Mark T. Slate, a circuit court judge in Green Lake County, handed down the sentence moments after the man, Ryan Borgwardt, 45, pleaded no contest to a misdemeanor charge for having led authorities to believe that he had drowned while kayaking in Green Lake on the night of Aug. 11, 2024.
Borgwardt had faced up to nine months in jail. He had reached an agreement with prosecutors to serve 45 days, but Slate rejected that agreement and imposed the 89-day sentence instead.
Slate said that 89 days passed from the date Borgwardt was declared missing, on Aug. 12, 2024, to Nov. 8, 2024, when investigators established that he was not dead and began communicating with him by email while he was overseas.
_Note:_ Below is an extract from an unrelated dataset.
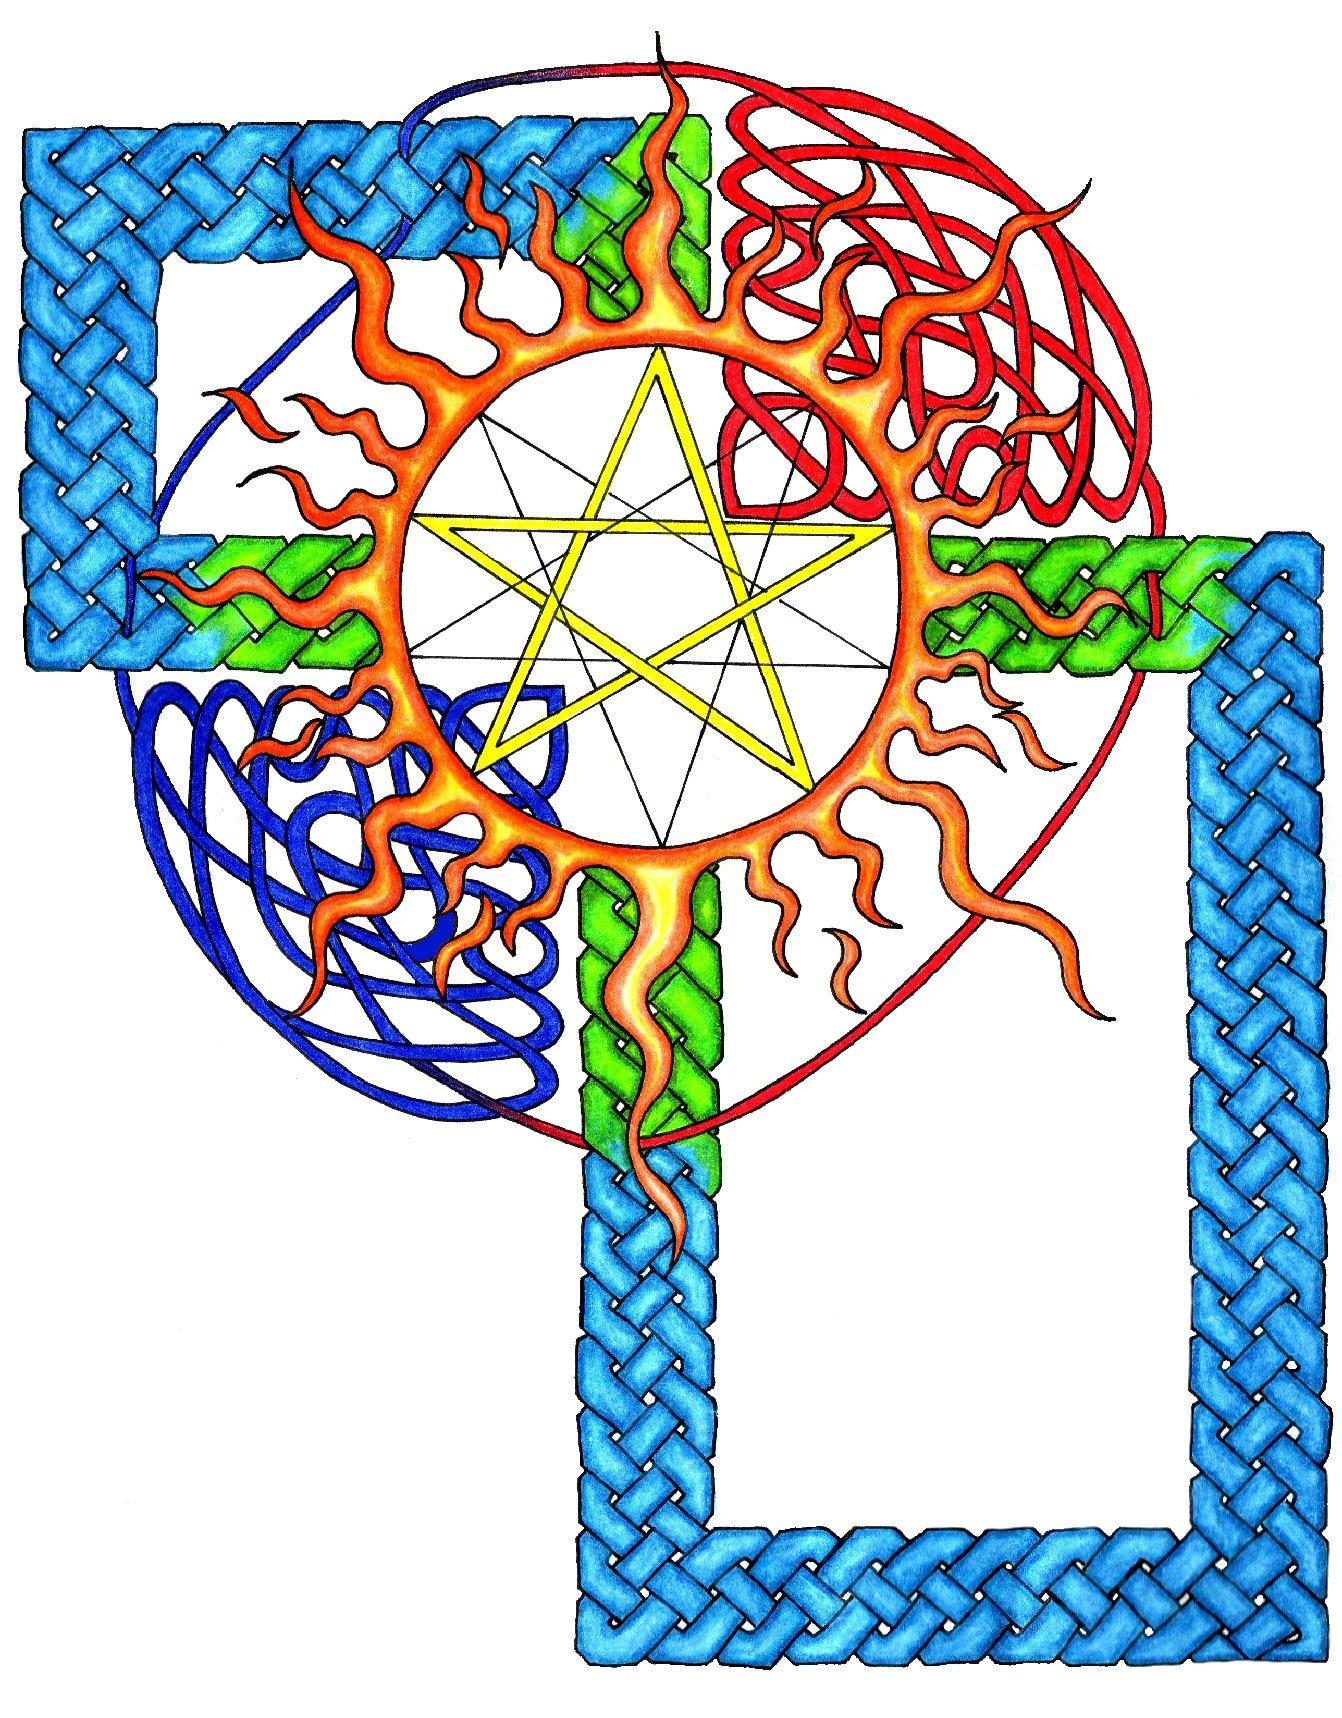 Heiligdom van mijn hart by RaNuit

Last week, Borgwardt also paid $30,000 in restitution for the cost of the search for his body in Green Lake, which lasted for 58 days and involved boats with sonar scanners and a dive team. In brief remarks in court Tuesday, he expressed remorse for his act of deception.
“I deeply regret the actions that I did that night and all the pain that I caused my family and friends,” Borgwardt said.
The Green Lake County district attorney, Gerise LaSpisa, said that Borgwardt had faked his death “so that he could disappear from his everyday life of being a husband and father in Wisconsin” and travel overseas to meet a woman he had met online months earlier.
As part of his plan, he transferred money overseas and regularly communicated with the woman, “professing his love and desire to create a new life with her,” LaSpisa said in court Tuesday. He reversed his vasectomy and researched ways to successfully disappear, she said.
On the night he faked his death, he capsized his kayak in Green Lake, about 75 miles southwest of Green Bay, and threw his cellphone, a fishing rod, and a tackle box with his keys, wallet and driver’s license into the water, authorities said.
Then he rode an e-bike through the night to Madison, Wisconsin. From there, he rode buses to Toronto and then boarded a plane to Paris, authorities said. He then traveled to the country of Georgia, where he “began to create a life with the woman he met on the internet, getting a job and an apartment,” LaSpisa said.
Authorities spent weeks searching the lake for his body before a digital forensic analysis of a laptop his wife had given to investigators revealed in October 2024 that Borgwardt had moved money into a foreign bank account and had been communicating with a woman online.
Using phone numbers and email addresses found on the laptop, investigators located a Russian-speaking woman, who put them in contact with Borgwardt, authorities said last year. Investigators began communicating with Borgwardt and eventually persuaded him to return to Wisconsin, where he was charged in December with a single misdemeanor of obstructing law enforcement.
Regardless of the outcome of the criminal case, LaSpisa said, “the destruction to his family can never be undone.”
Borgwardt’s lawyer, Erik C. Johnson, noted in court that his client could not have been extradited from Georgia on the misdemeanor charge.
“He didn’t want to come back,” Johnson said. “He didn’t need to come back. He did. He wanted to make amends, and that’s why he returned.”